Cuando andamos por la calle y alguien que nos antecede tropieza, solemos esbozar una sonrisa. Me refiero, por regla general. Que alguien se trastabille, produce escarnio por sistema.
Ayer, es posible que muchos que se muestran contrarios a las guerras –ya sea la de Irak o la de Afganistán, por citar ejemplos recientes– sonrieran al ver el rostro descompuesto del primer ministro italiano, tras ser agredido de forma bárbara por un demente en la milanesa plaza del Duomo. Qué bueno, se pensarán. Que alguien le pare los pies, por fin, rompiéndole la cara a Il Cavaliere. Qué machada. Tanta, que en una conocida red social el agresor ya tiene club de fans propio, y que ya va por los 42.000 tartaglias.
Si nunca se justifica la violencia, tampoco en acciones como ésta. Silvio Berlusconi es un dirigente político elegido democráticamente, aunque a muchos no nos guste su forma de proceder. Ver ayer en todas las televisiones su cara lastimada evidencia que los ricos y los poderosos también sangran, y que manan un líquido que es rojo, como el de cualquier mortal. El tartagliazo le ha reportado eso a Berlusconi, así como la rotura de dos dientes, un labio partido y el tabique nasal destrozado.

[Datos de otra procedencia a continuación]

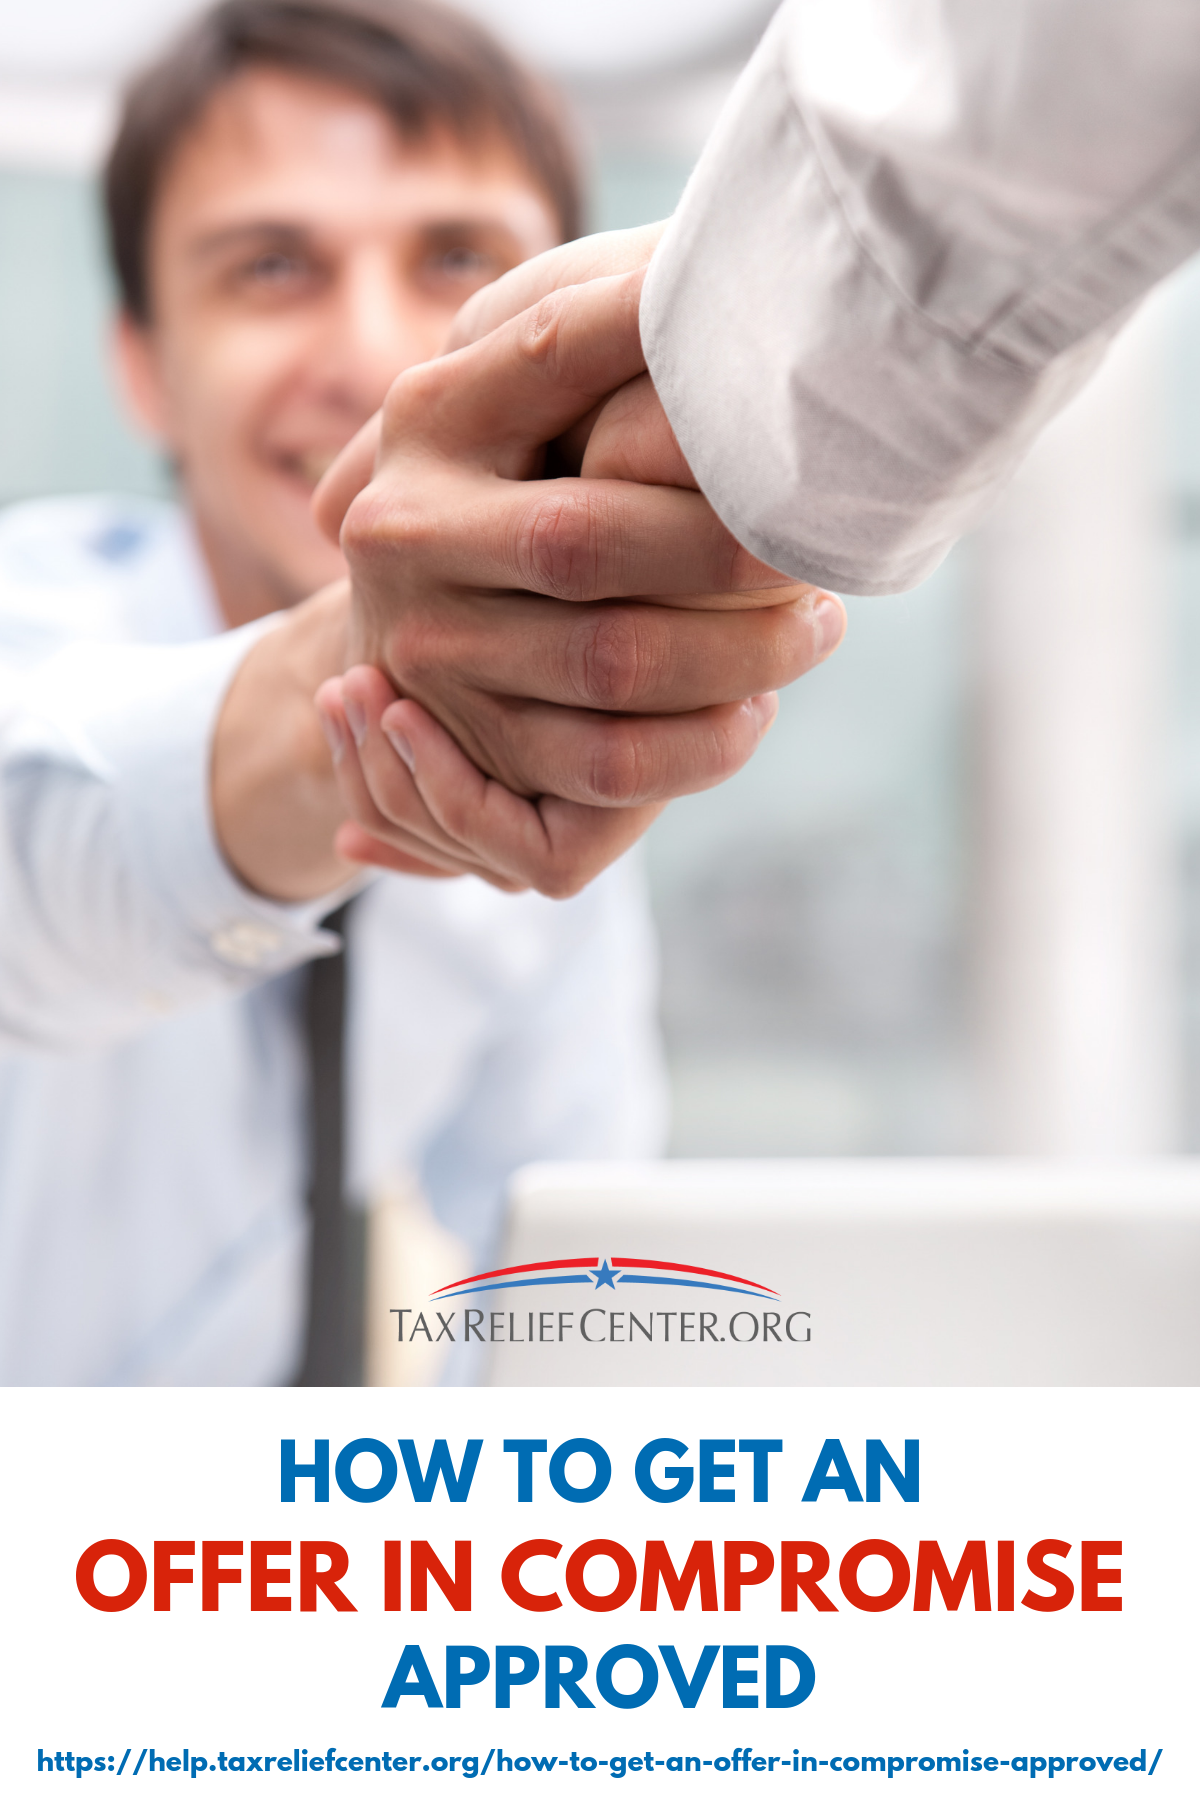 How To Get An Offer In Compromise Approved | 11 Tips https://help.taxreliefcenter.org/how-to-get-an-offer-in-compromise-approved/

El móvil usado al efecto, una contundente estatuilla de la catedral milanesa. Es la misma estampa que muchos hubieran anhelado ver cuando un periodista iraquí lanzó hace meses un zapato a George W. Bush, artefacto que, por un acto reflejo, no le impactó finalmente en la cara.
Se ha sabido que la policía, que detuvo a Massimo Tartaglia, de 42 años, tras el incidente de este domingo en Milán, le halló un crucifijo en un bolsillo de su chaqueta. Será, quizás, que pensara que su penitencia pasaba por ajusticiar al que muchos consideran la encarnación de todos los males en la Italia de hoy.